2. An assembly according to claim 1, wherein at least one of the socket body, the leakdown plunger, and the engine workpiece is fabricated at least in part through forging.
3. An assembly according to claim 1, wherein at least a portion of the second socket surface contacts the leakdown plunger and the plunger reservoir passage is located between the socket body and the leakdown plunger.
4. An assembly according to claim 1, wherein the push rod cooperating surface is generally spherical and concentric relative to the outer socket surface.
5. An assembly according to claim 1, wherein the engine workpiece is a lash adjuster body.
6. An assembly according to claim 1, wherein the curved socket surface corresponds to the second plunger opening.

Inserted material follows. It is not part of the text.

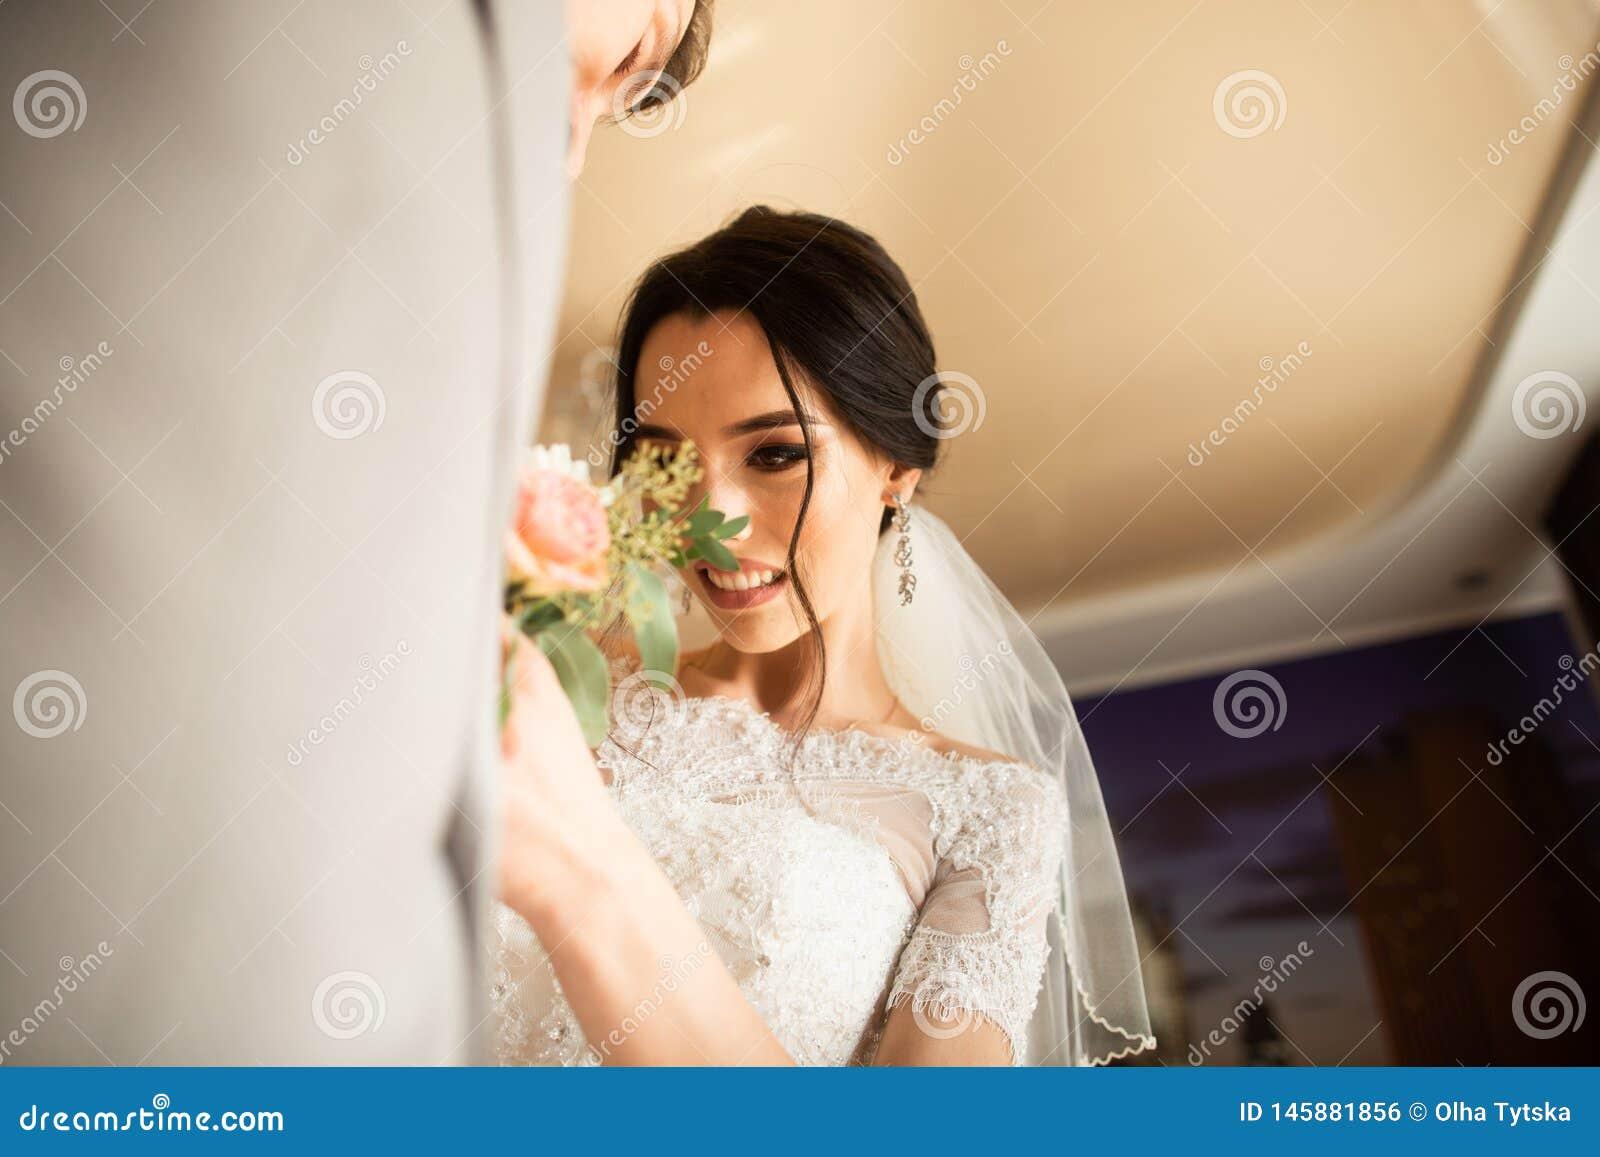 Traditionsgem?? ber?hrt die Braut im Haus einen kleinen Blumenstrau? f?r den Br?utigam Br?utigamblumenstrau? nahe bei der Hand au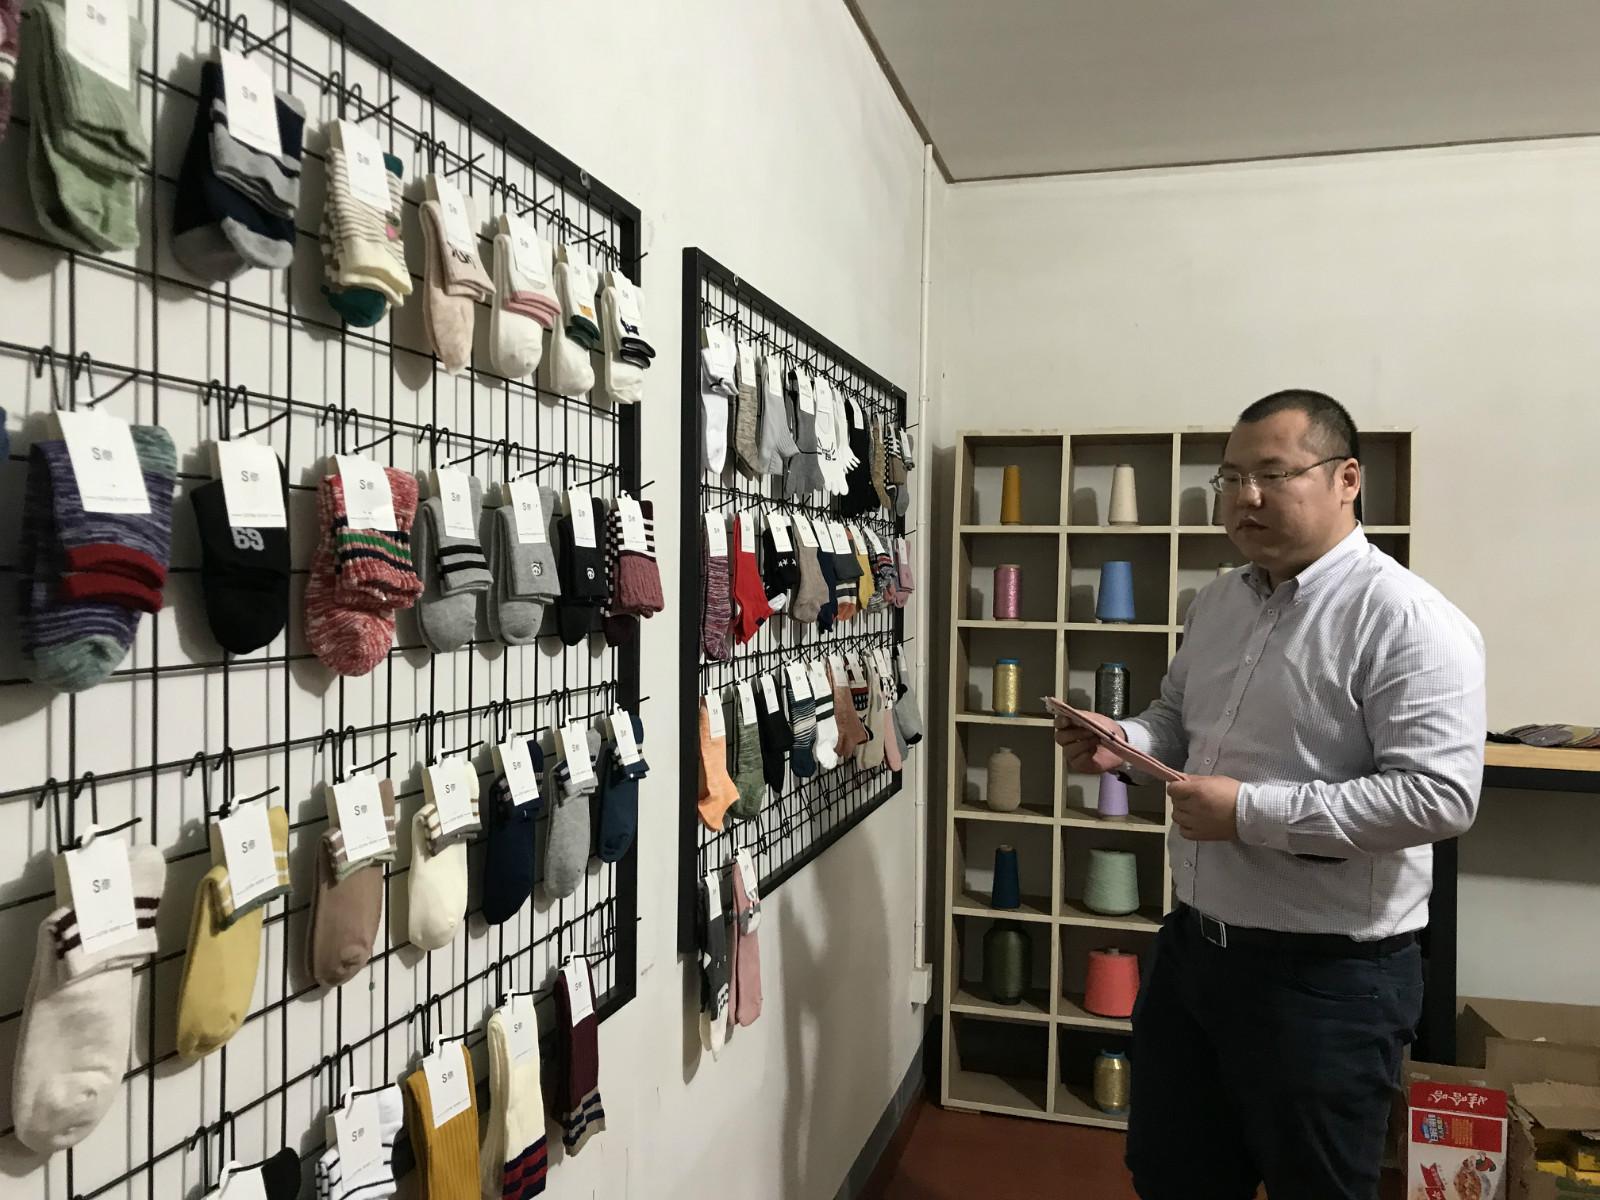 图说:80后创业者杨钢泽,积极拥抱淘宝天天特卖升级供应链,成为行业内颇具竞争力的头部商家_meitu_1

7. An assembly according to claim 1, wherein the curved socket surface provides a closer fit between the second socket surface and the second plunger opening.
8. An assembly, comprising: a) a socket body including a forgeable material and provided with an outer socket surface, a first socket surface, and a second socket surface, wherein the outer socket surface is configured to cooperate with the inner surface of a lash adjuster body, the first socket surface includes a push rod cooperating surface, and the second socket surface includes a plunger reservoir passage that is fluidly linked to a leakdown path on a leakdown plunger and configured to conduct fluid, and a curved socket surface configured to cooperate with the leakdown plunger; b) the leakdown plunger is provided with a first plunger opening, a second plunger opening, and an outer plunger surface enclosing an inner plunger surface, wherein the first plunger opening is provided with an annular plunger surface defining a plunger hole shaped to accommodate an insert, the second plunger opening is configured to cooperate with the socket body, the outer plunger surface includes a cylindrical plunger surface and an undercut plunger surface that forms a leakdown path with the lash adjuster body, wherein the undercut plunger surface is cylindrically shaped and is located at an end of the plunger body and the inner plunger surface includes a plurality of inner cylindrical plunger surfaces and is fluidly linked to the outer socket surface by the plunger reservoir passage; and c) the lash adjuster body is provided with a lash adjuster opening and an outer lash adjuster surface enclosing a lash adjuster cavity that includes an inner lash adjuster surface, wherein the inner lash adjuster surface includes a first cylindrical lash adjuster surface and a lash adjuster well that includes a second cylindrical lash adjuster surface.
9. An assembly according to claim 8, wherein the first cylindrical lash adjuster surface abuts an annular lash adjuster surface with an annulus that defines the second cylindrical lash adjuster surface.
10. An assembly according to claim 8, wherein the first cylindrical lash adjuster surface is concentric relative to the outer lash adjuster surface.
11. An assembly according to claim 8, wherein the socket body cooperates with the leakdown plunger to define at least in part a chamber within the inner plunger surface.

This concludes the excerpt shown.